Thanks for the advices. Also good to see that it’s not a universal answer. It somewhat justifies to myself having to ask the question!

After playing with both options some and giving it further thougths, my 2 cents on my own question:

  • Explicit is generally good, I agree this makes things somewhat murkier. That being said, I’m going to consider that how the “A” of ACID database is handled should probably be on any programmer’s mind when working on that type of program. And then this is a built-in Django feature. E.g. I’m not building some obscure meta-class to handle weird corner cases everyone will forget about. So although I prefer explicit notation most of the time, I’m willing to live with this loss in this case.
  • Catching is OK, but then in some cases re-raising might be more appropriate. The downside of this approach is that one may forget he’s working within an atomic block.

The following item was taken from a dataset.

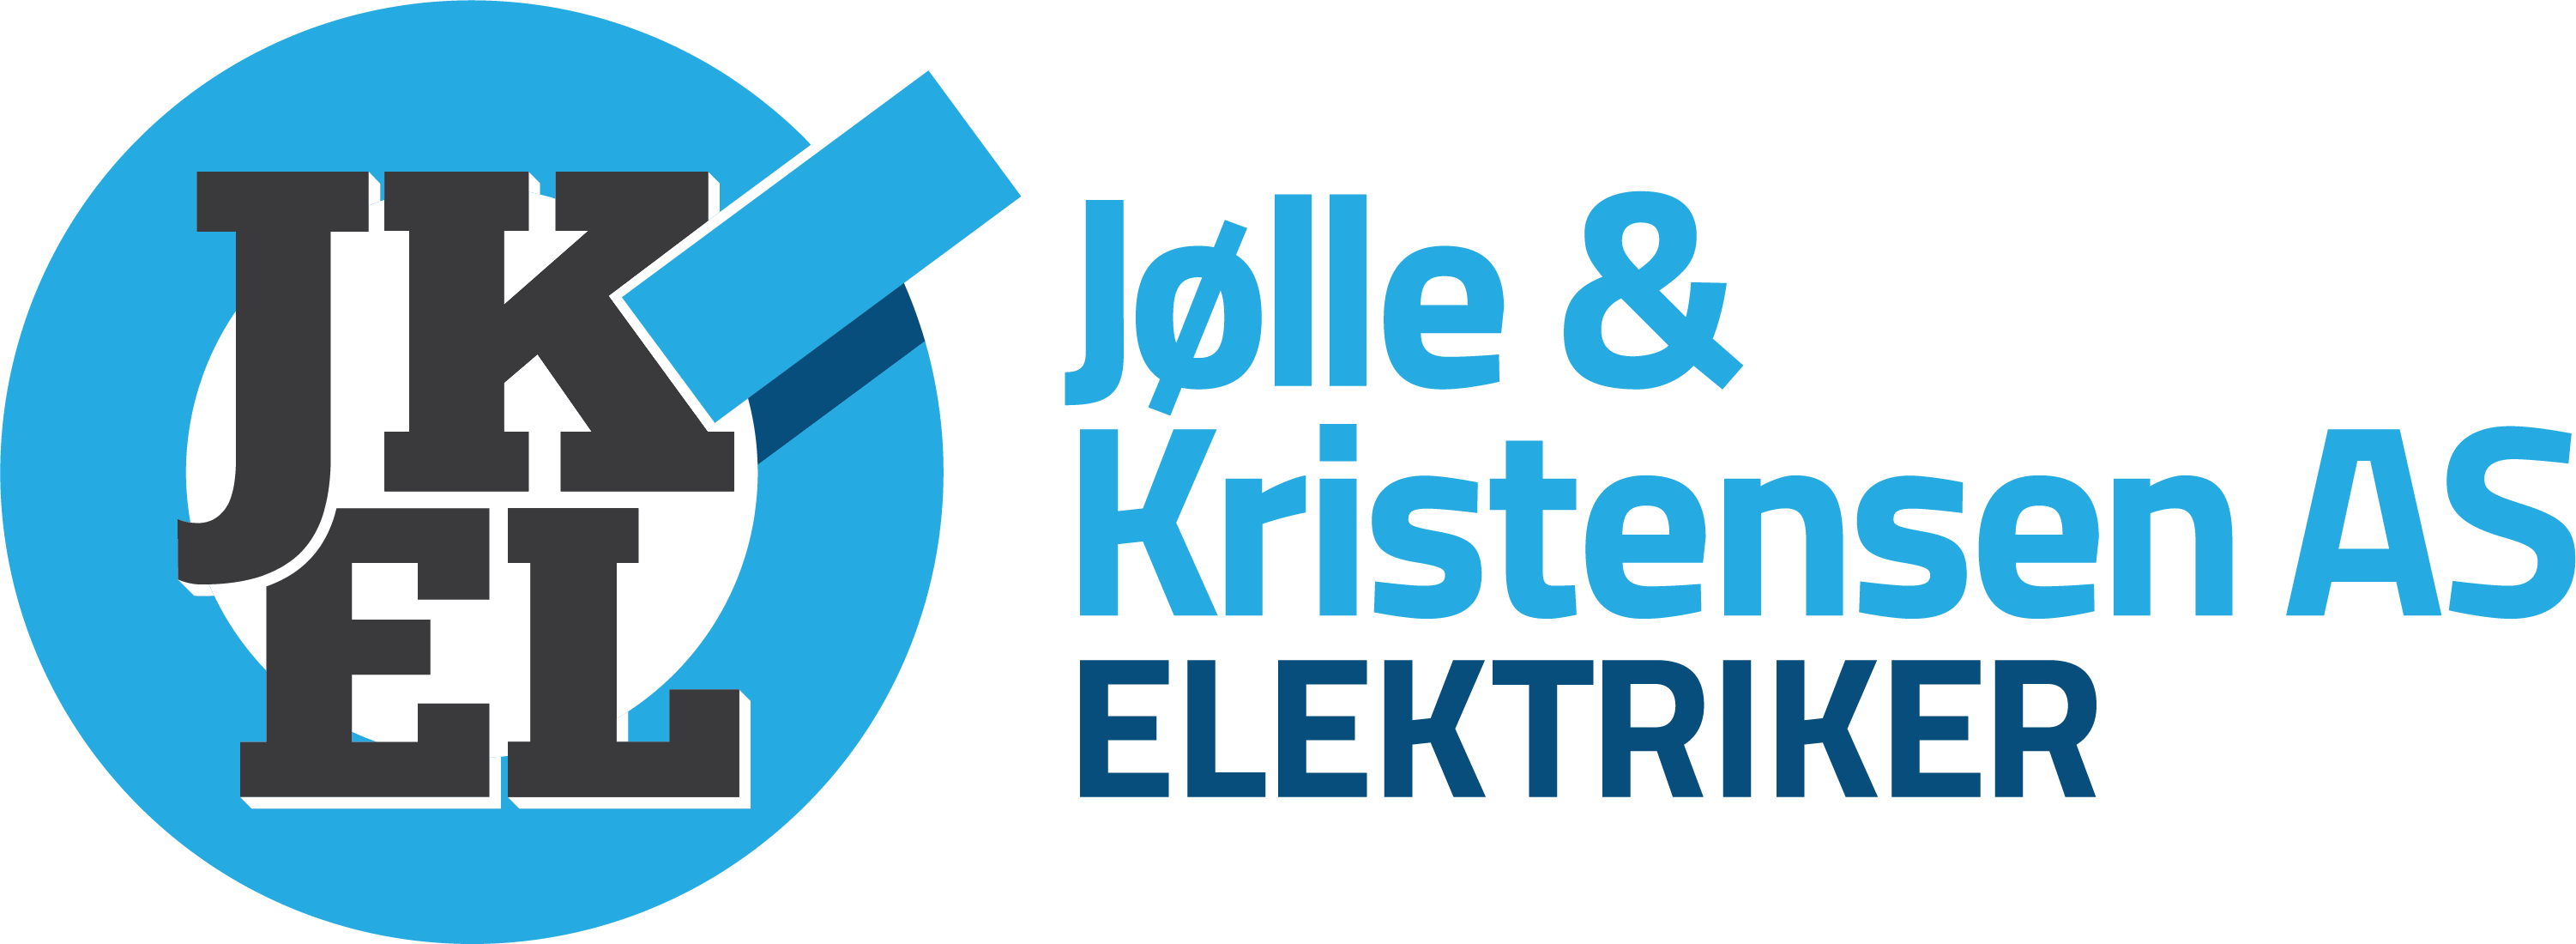 Medlemstilbud fra Jølle & Kristensen

It has required some time to sort out a few corner cases, especially using signals, but I think it has been much, much faster to have a working application that ensures atomic transactions with this approach (e.g. atomic by default).

Hi,

I have built a Java framework around Domain Driven Design concept that uses SERIALIZABLE isolation level and transactions tied to request/response cycles, just as ATOMIC_REQUESTS = True. PostgreSQL’s MVCC is so good that it should be considered the default approach, thus solving particular perfomance issues separately from the OLTP bulk.

I am evaluating Django to decide the correct way of handling serialization errors, in the context of atomic requests. I would be interested to know how you guys, Django experts, would handle the OperationalError thrown by serialization failures. Basically, details on logik’s third question.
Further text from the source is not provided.